Words matter, especially if you’re a CEO: “Overstock.com Inc. shares fell for a third day Wednesday as investors reacted to statements by Chief Executive Officer Patrick Byrne that he was a part of federal investigations related to the 2016 election,” Bloomberg News’s Jeran Wittenstein report.
“The e-commerce company has lost a third of its value in the two days since releasing a statement by Byrne titled ‘Overstock.com CEO Comments on Deep State’ and referring to federal investigators as ‘the Men in Black.’ The stock fell another 23% on Wednesday, bringing its slide to 36% since Monday, the biggest two-day slump in more than 11 years.”
— Epstein 2003 interview unearthed: “There are questions Jeffrey Epstein will never answer now. But a lifetime ago — long before his dark journey ended in an apparent suicide in a Manhattan jail cell — Epstein settled into a sling-back chair on his private Caribbean island and began talking,” BloombergNews’s Tom Metcalf reports.

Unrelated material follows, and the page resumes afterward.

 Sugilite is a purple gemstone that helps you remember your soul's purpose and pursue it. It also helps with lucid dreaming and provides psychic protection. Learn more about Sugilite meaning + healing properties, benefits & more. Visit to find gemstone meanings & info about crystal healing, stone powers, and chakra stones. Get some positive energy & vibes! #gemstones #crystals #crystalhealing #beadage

“The financier was, [journalist Doug] Bank recalled, friendly and gracious, eager to pontificate about many things but cagey about exactly what he did in his role as financial adviser to Leslie Wexner, the billionaire he met in Palm Beach in the 1980s and who opened doors for him in business and finance and beyond … He did, though, touch a bit on the control he had over the finances of the Victoria’s Secret mogul. ‘I don’t tell him what sweaters to buy, he doesn’t tell me when to buy or sell stock.’ ”

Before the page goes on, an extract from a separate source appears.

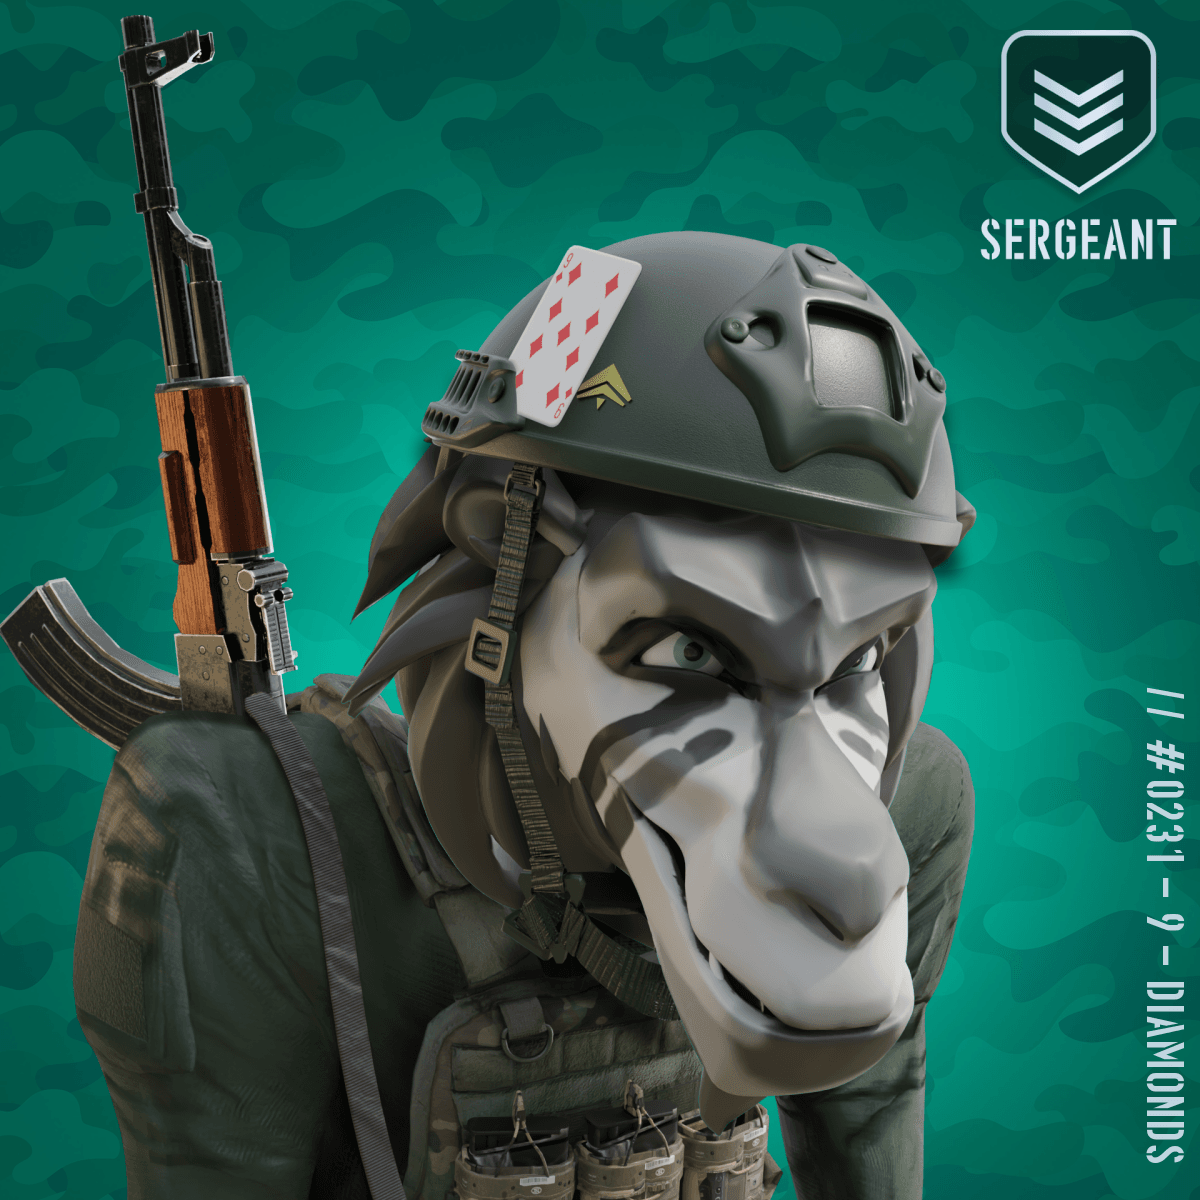 Angry Black Sergeant Baboon #231

— Warren calls for probe into FTC’s statements on Equifax settlement: “Not everyone is going to receive the $125 they might have expected out of a settlement between Equifax and government regulators over its 2017 security breach — and Sen. Elizabeth Warren of Massachusetts is asking why,” my colleague Tony Romm reports.
“For the Democratic lawmaker and 2020 presidential candidate, the concern is that the Federal Trade Commission, one of the agencies that probed Equifax, initially offered ‘misleading public descriptions’ about the relief available to the roughly 147 million Americans whose names, addresses and Social Security numbers had been compromised. In response, Warren is asking the agency’s inspector general to probe both the ‘terms of and FTC’s public description of the settlement.’”
- Walmart, Alibaba and JCPenney and IHeartMedia are among the notable companies reporting their earnings, per Kiplinger.